= Peretz Kidron =

Israeli writer, journalist and translator (1933–2011)

Peretz Kidron (פרץ קדרון; 29 July 1933 – 6 November 2011) was an Israeli writer, journalist and translator.

==Biography==
Kidron was born in Vienna, the son of Sara and Herman Kirchenbaum [Kay] who were devoted Zionists and supporters of the Jewish state. His family escaped to Great Britain in 1938 following the annexation of Austria into Nazi Germany. After completing his secondary education in Britain, he emigrated to Israel, where he lived on and off in Zikim, a kibbutz in southern Israel, for about 15 years. Both of his children were born on the kibbutz. During this period, Kidron was sent by the kibbutz to the UK as a youth leader for the Zionist leftist youth movement Hashomer Hatzair, to prepare and bring Jewish youth to immigrate to Israel. In the early 1970s, he graduated from Tel-Aviv University with a degree in English and translation.

Starting in the late 1960s, Kidron became active in the Israeli peace movement. In 1975, he was a founding member of the Israeli Council for Israeli-Palestinian Peace and served on the steering committee of the human rights group B'Tselem. Kidron was a long-time Israel correspondent for the British magazine Middle East International.

From the 1980s, Kidron handled international contacts for the peace group Yesh Gvul. He later compiled and edited a collection of writings by Israeli conscientious objectors titled Refusenik! Israel's Soldiers of Conscience (2004), which was prefaced by American writer Susan Sontag.

In 1976, Kidron co-authored the memoirs of the Palestinian activist Raymonda Tawil, My Home, My Prison. His translations from Hebrew to English include the memoirs of Yitzak Rabin and Ezer Weizman, and a biography of David Ben-Gurion. His translation of Rabin's autobiography was censored by Israel's military censor. The passages removed were Rabin's account of the 1948 departure of 50,000 civilians from Ramla and Lydda, particularly Ben-Gurion's gesture, which Rabin understood to mean "Drive them out!" The missing passages were printed in The New York Times on 23 October 1979.

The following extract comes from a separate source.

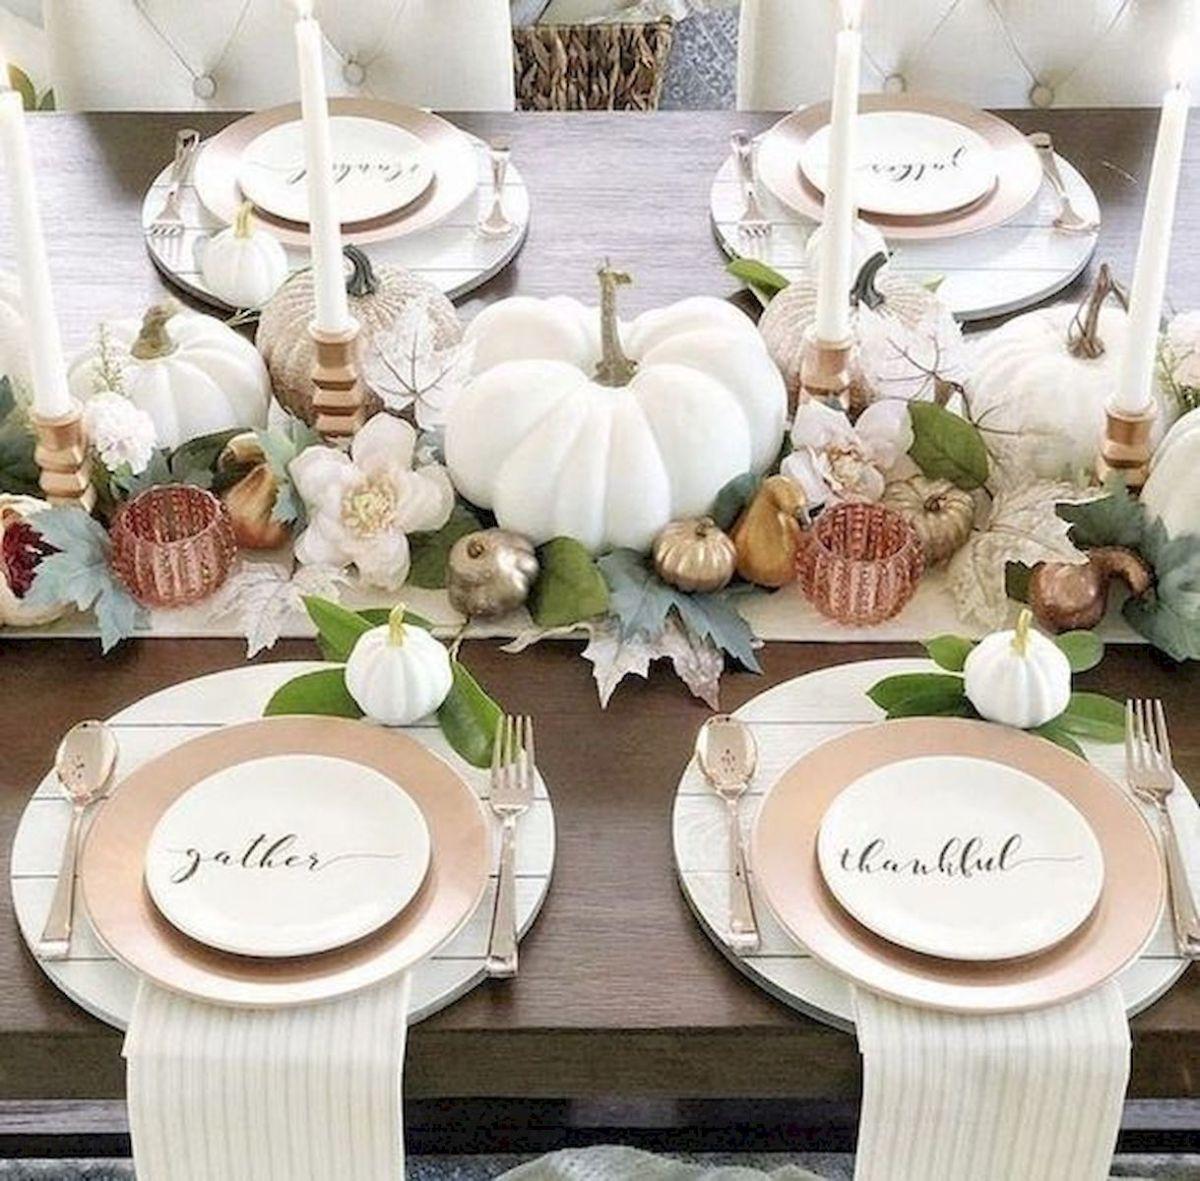 25 Fantastic DIY Thanksgiving Ornament Ideas On A Budget (7)

In 1984, he ghostwrote Dual Allegiance, the autobiography of Ben Dunkelman, a Canadian Jewish military officer who refused to carry out an expulsion of civilians from Nazareth during the 1948 Arab–Israeli War.

In 1988, his essay "Truth Whereby Nations Live", which discusses his work on Rabin and Dunkelman's autobiographies, was included in the essay collection Blaming the Victims, edited by Edward Said and Christopher Hitchens.

==Death==
Kidron died in Jerusalem on 6 November 2011, and was buried in Kiryat Anavim, a kibbutz in central Israel.